From my latest reading, Stalin’s Last Crime: The Plot Against the Jewish Doctors, 1948-1953, I learned a wonderful Russian word. On the bottom of p. 107, the authors say that Stalin called one of his vile minions, Mikhail Ryumin, “a shibsdik (pygmy).” This word шибздик (which to an English-speaker sounds irresistibly like “sheep’s-dick”; Vasmer says it’s from бздеть [bzdet’], one of the words for ‘fart’ I wrote about here) is better translated “half-pint” or “pipsqueak”; it’s a slang term for an unusually small person. The third (1903–1910) edition of Dahl’s dictionary, revised by Baudouin de Courtenay, includes it as a dialectal term from the regions of Pskov and Tver; its first literary use seems to have been in Kuprin‘s notorious 1915 novel Yama (The Pit), with its lurid description of the life of prostitutes, about which Nina Berberova wrote in her memoirs:
This book had a stunning impression on me. No other book has had such an effect on me. I told Aleksandr Kuprin this when once, as a guest at Prince V.V. Baryatinsky’s in Paris in 1929, I was left alone with him in the living room after all the others had gone into the dining room. Kuprin was like an old Tatar in those years, in some ways reminiscent of my grandfather of Tver. With his head swaying and his hands drooping, he seemed decrepit and sleepy. He heard me out, slowly picked a cherry from a vase and asked me to take it in my mouth by the stem. The cherry hung on my chin. He moved over towards me and carefully took the cherry in his mouth, hardly touching me.

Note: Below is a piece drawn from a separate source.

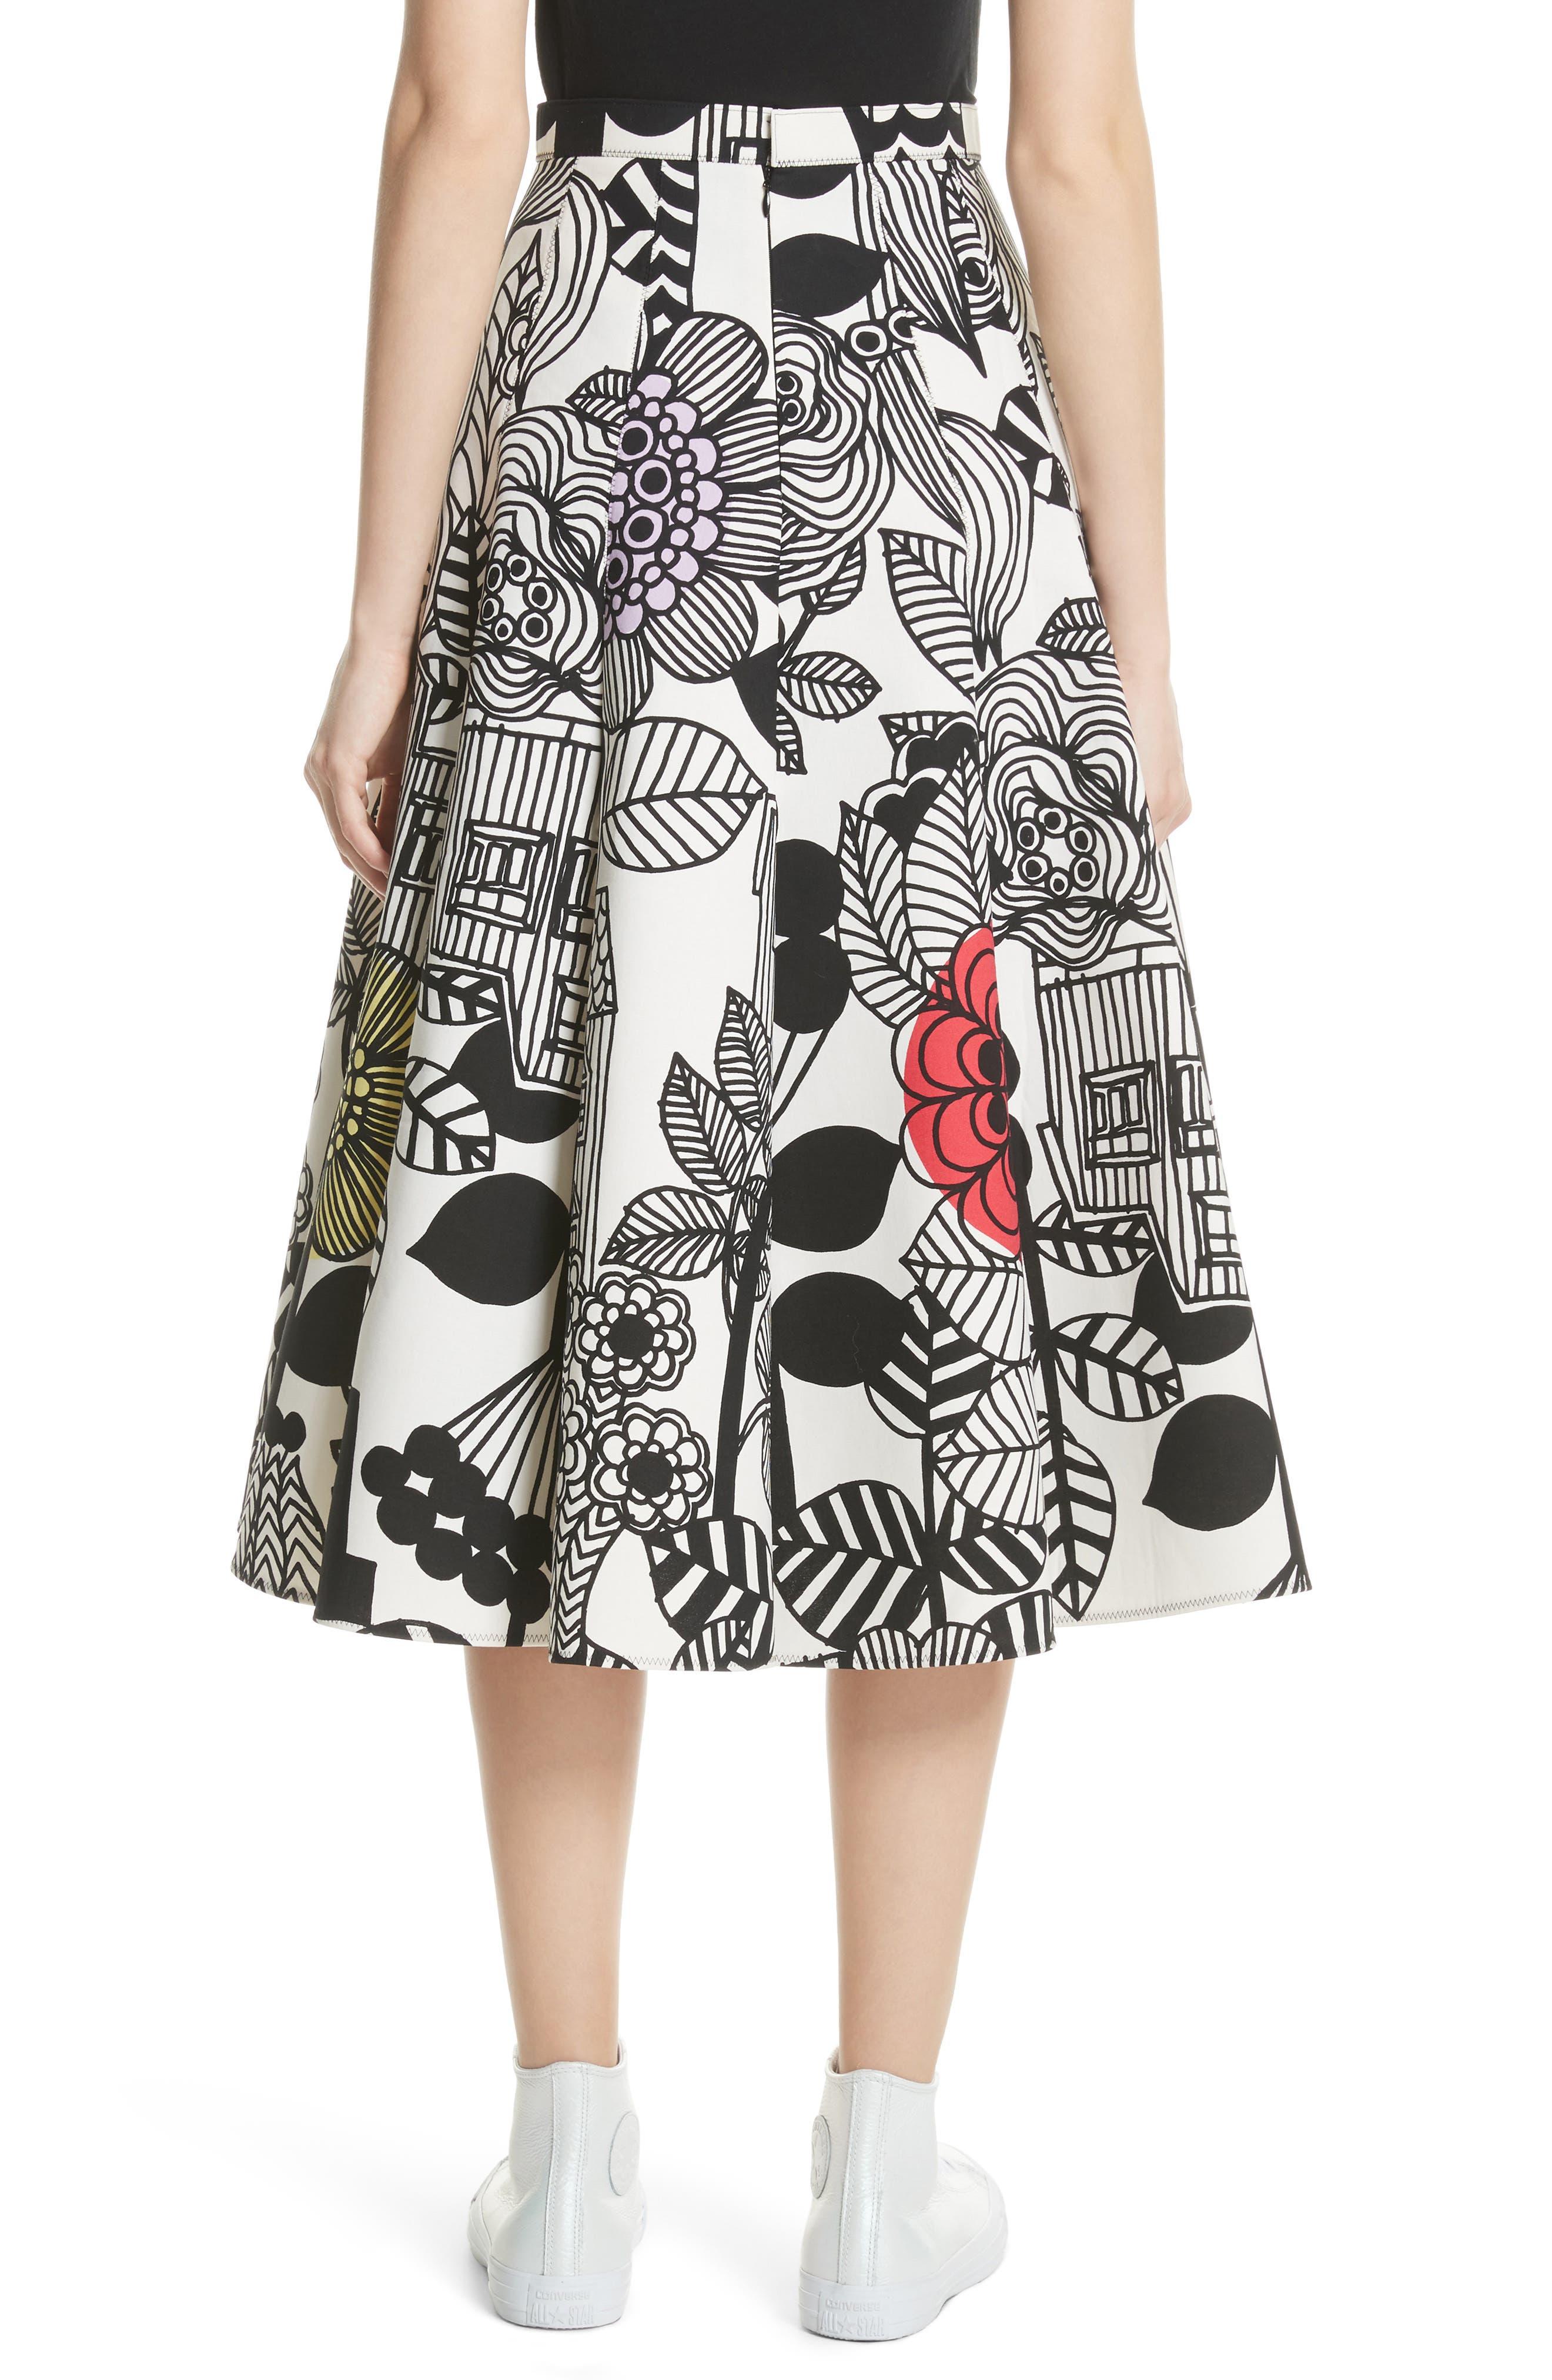 x Marimekko Vegetable Print Cotton Skirt,                             Alternate thumbnail 2, color,                             100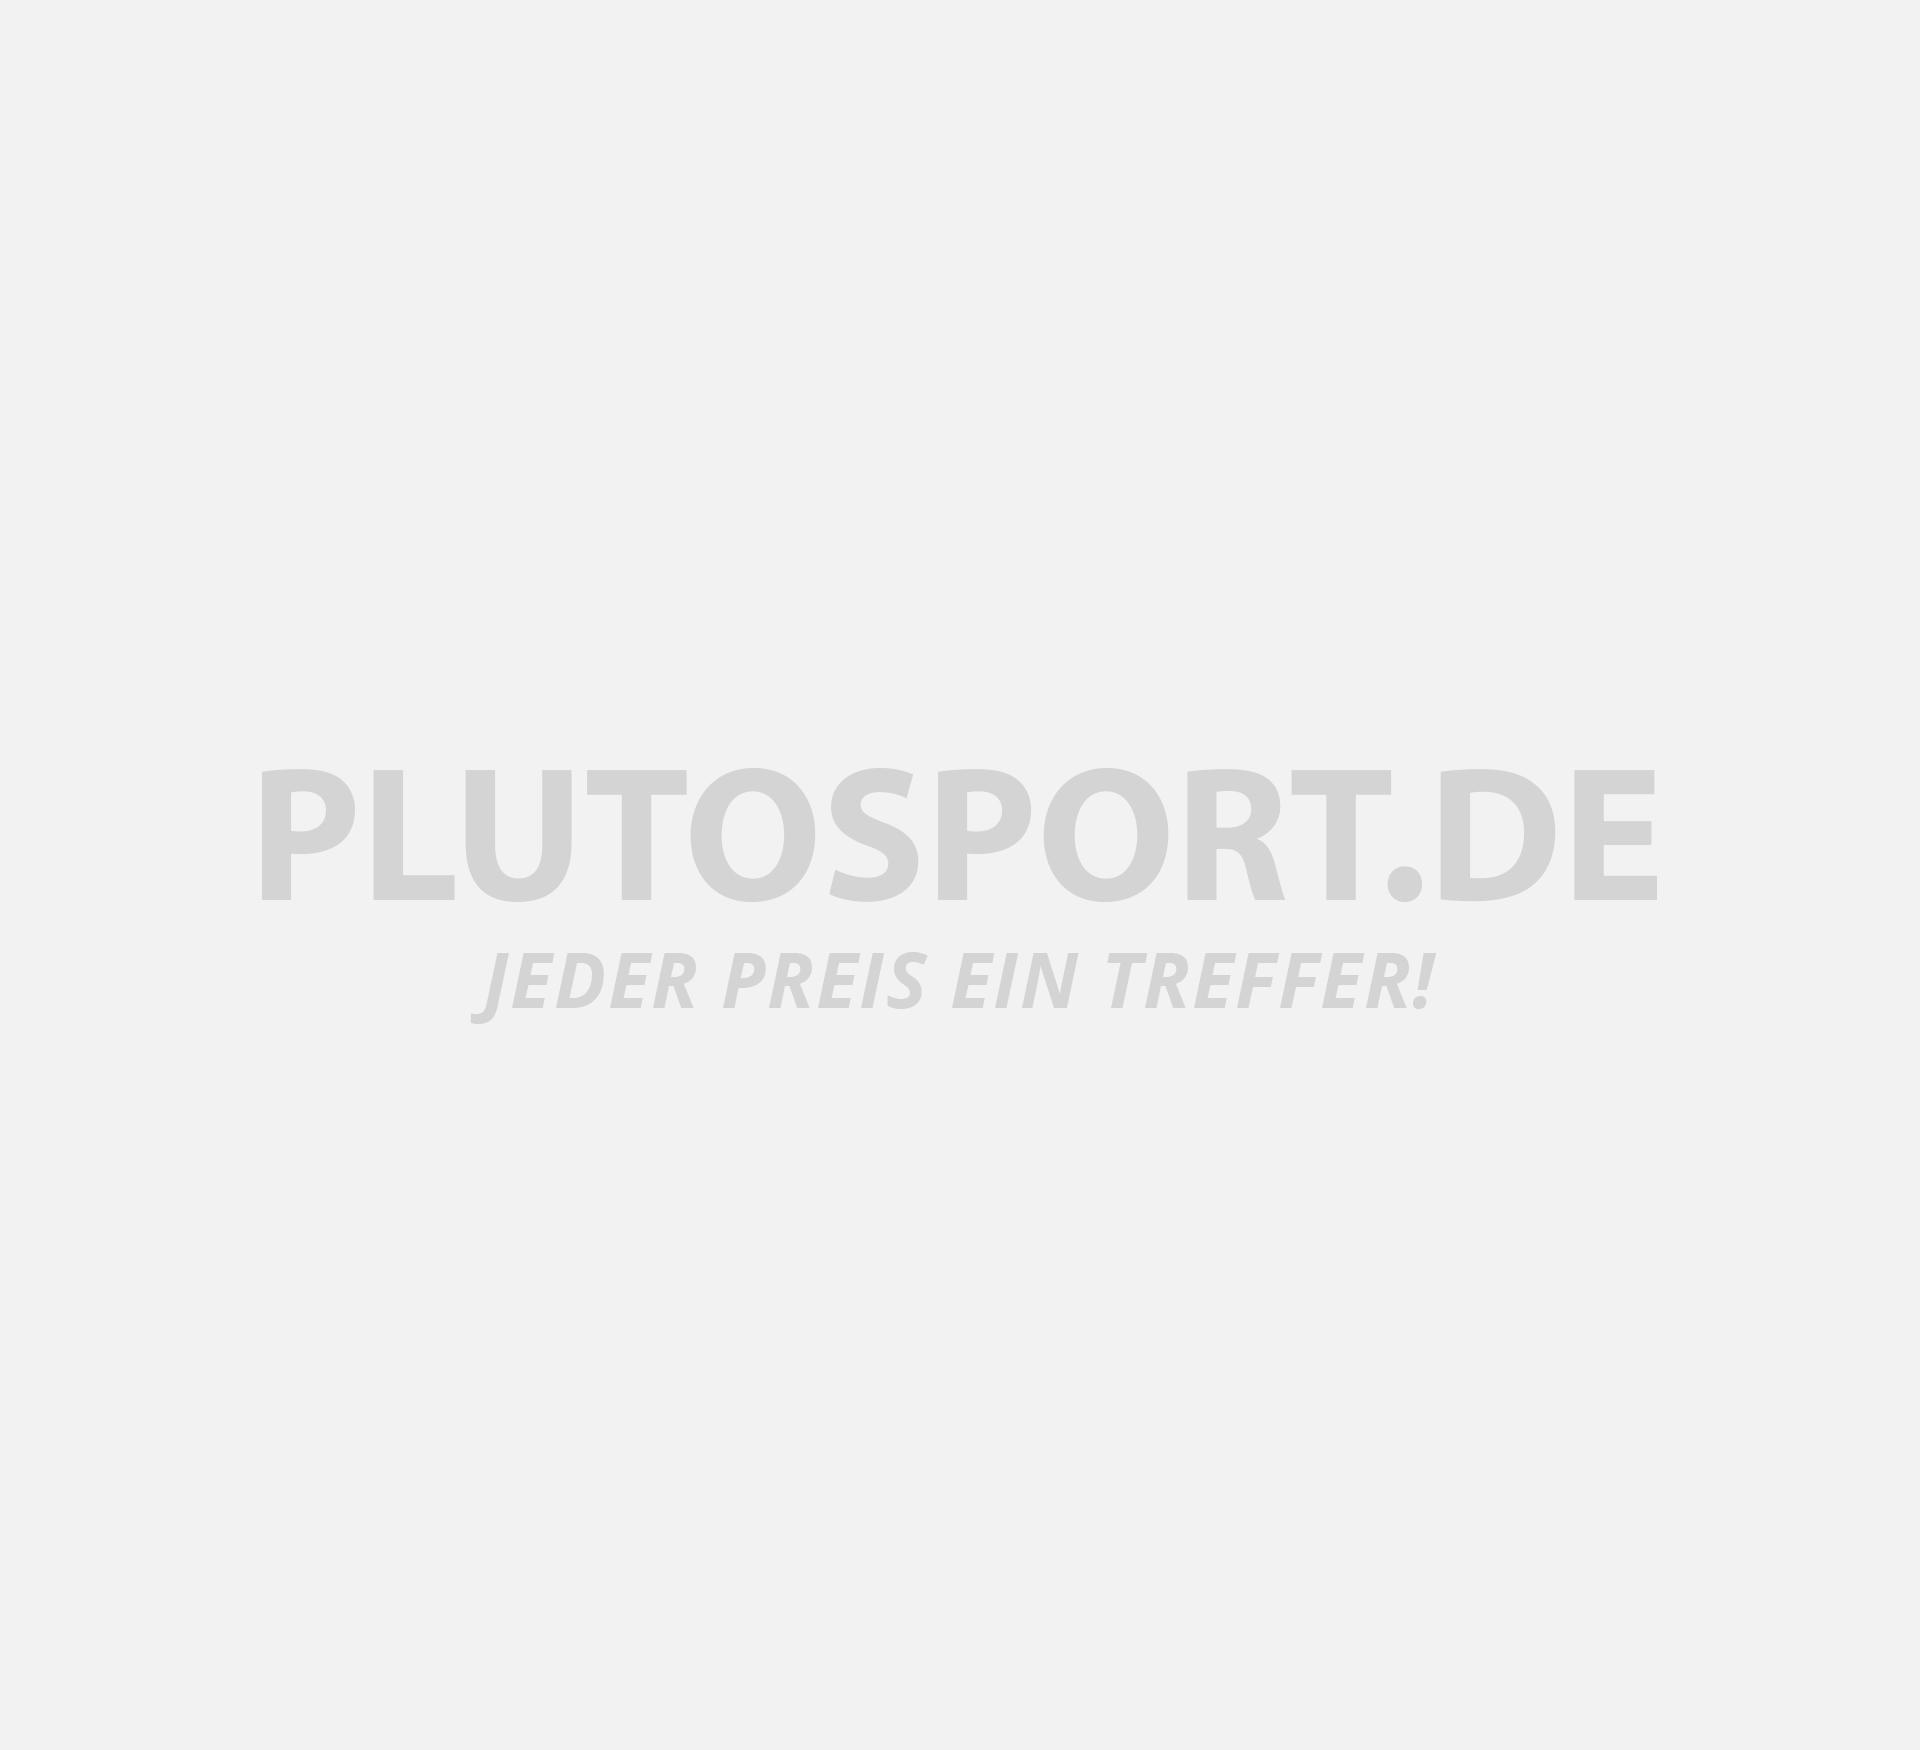 adidas Tango Jogginghose Herren grau, 2XL 6062:

When he had spat out the pit, he said:
‘This is my last phase.’
I was terribly sorry for him but said nothing.
The word has only been used a dozen times in the literature available in the Russian National Corpus, but those uses include works by Zoshchenko, Platonov, the Strugatskys, and Viktor Astafyev. My question for Russian speakers: is this word still in use?